Jun 02, 2021 Editorial
Kaieteur News – This newspaper first editorialized about the situation on Belarus almost a year ago, in the centre of our own storm of democratic destruction here in this country. In that leader, titled “Democracy or the Abyss”, the case was made that the ‘gravitational’ pull of the breakdown of democratic institutions in the United States of America had implications for countries like Guyana, at the time four months into an attempt by the then David Granger administration to steal the elections that it had decisively lost, and like Belarus, where President Alexander Lukashenko was gearing up for his own elections by decimating political allies.
As was noted then: “Lukashenko has been in power in Belarus for the last quarter century, increasingly consolidating his power the way that all dictators do – clamping down on the free press, creating increasing hurdles for opposition politicians to contest elections, and brutally suppressing protest action. In recent weeks, lead competitors for the presidential elections slated for next month have either been arrested on trumped up charges or conveniently been told that their registration documents for participation in the polls fell short of legal requirements.”
The argument then was that if the indicators that Donald Trump were not willing to leave the White House were to be proven correct, and if he were successful at doing so, the world would be facing, by sheer virtue of America’s global influence, a stark choice that Secretary General of the Organisation of American States (OAS) Luis Almagro said Guyana at the time was facing – during a special OAS meeting to consider the attempted rigging of elections here – Democracy or the Abyss.
Of course, in the end, both Trump and Granger would eventually capitulate, Granger after five months of insanity and misinformation and Trump after fomenting an assault on the Capitol. While both have had their perpetuation of the Big Lie of their being cheated reduced to the theatre of doomed court cases and petulant distraction, Lukashenko in the middle of a primarily democratic Europe (the European Union was a key player in preventing the theft of elections here last year) has actually expanded his control after actually succeeding at rigging his own country’s elections in August of last year.
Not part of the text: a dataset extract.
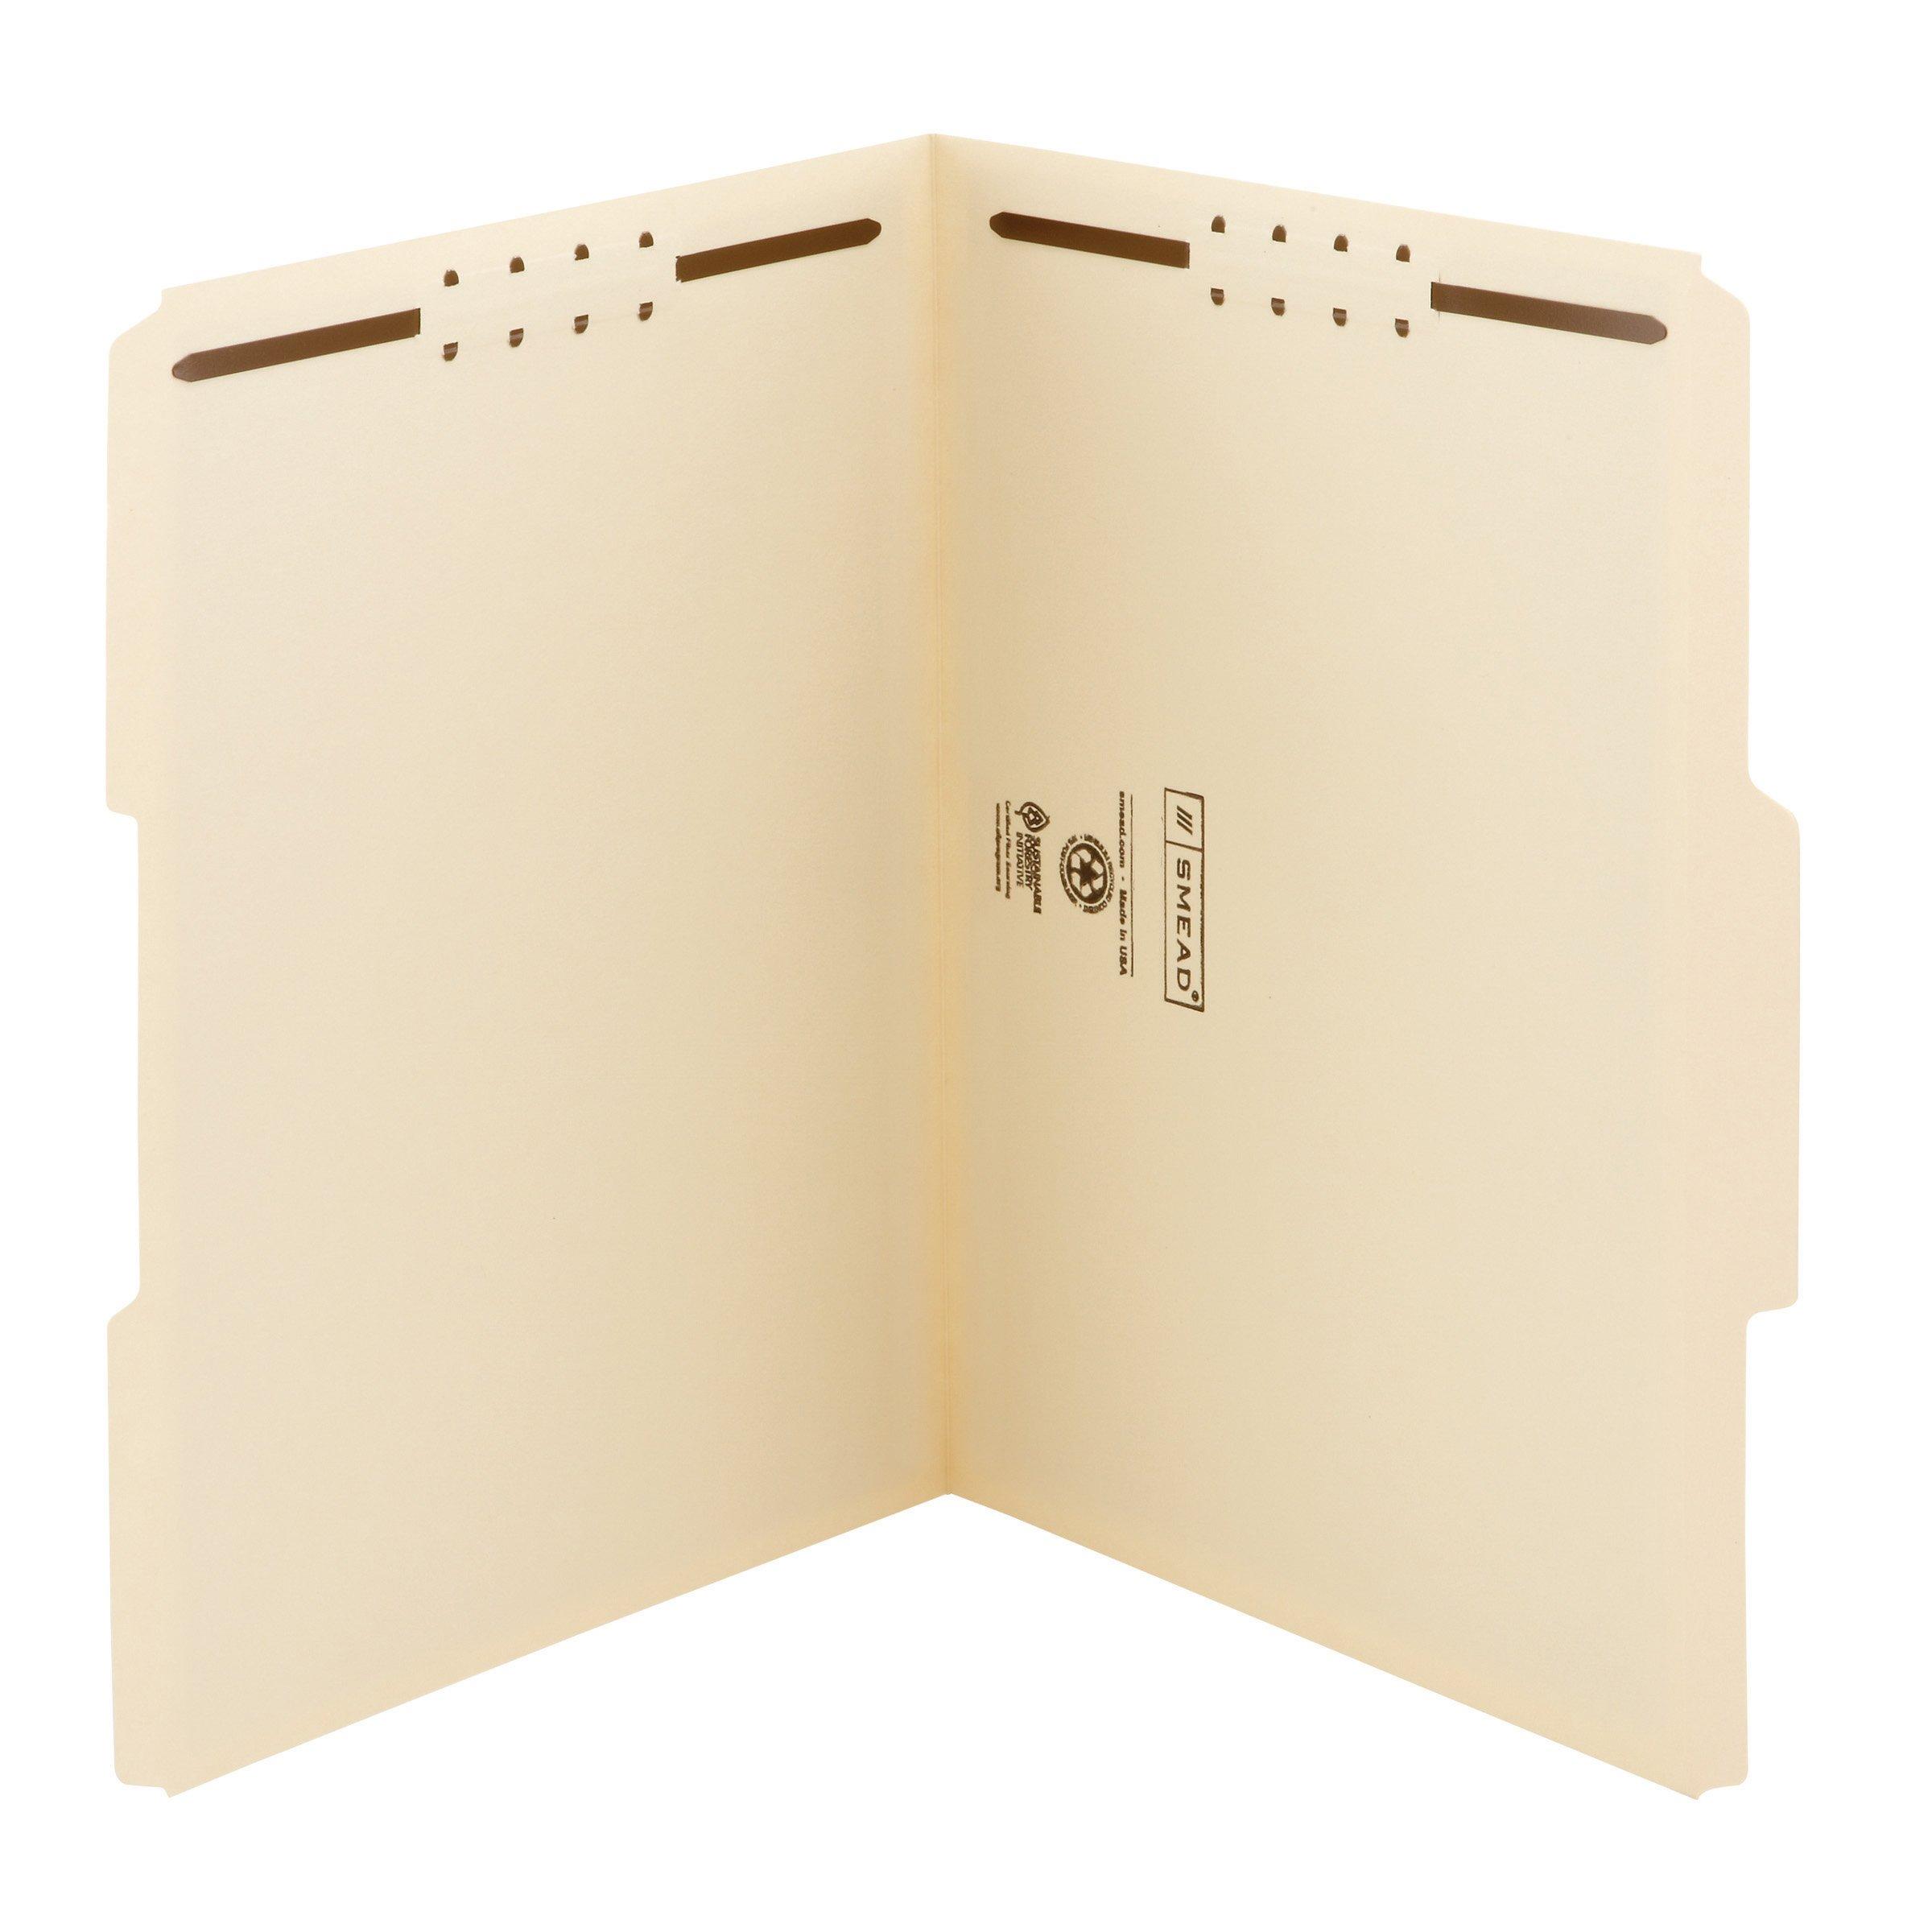 Smead Heavy-Duty Fastener File Folder, 2 Fasteners, 1/3-Cut Tab, Letter Size, Manila, 50 per Box (14600) by Smead

As we noted, when we focused directly on Belarus under ‘Europe’s last dictator’ in a subsequent editorial of February this year, a notable feature of the shadow over Minsk is that it presents itself as relatively mild shade. In contrast to the accepted mythos of brutal dictatorship, Lukashenko’s methodology is deliberately tepid. Protestors are given a few days in jail as opposed to decade long sentences. People are not being summarily executed but are beaten with non-life threatening injuries. His biggest targets, artists and journalists, are given less jail time for “undermining national security” than young people here in Guyana are given for possessing small amounts of marijuana, like the two women journalists who were sentenced a few months ago to two years in prison for simply live-streaming a protest. This is perhaps why Belarus’ president had escaped the sort of international censure he has escaped so far, selling himself as Dictator Lite, particularly at a time when democratic nations have been flirting dangerously with despotism.
This paper had warned, in that editorial, that “Unfortunately, in Belarus, what has so far prevailed is the abyss, one that is deepening and widening by slow but sure degrees, swallowing up dozens and dozens of brave people and grinding them under the teeth of Lukashenko’s repressive state machinery.”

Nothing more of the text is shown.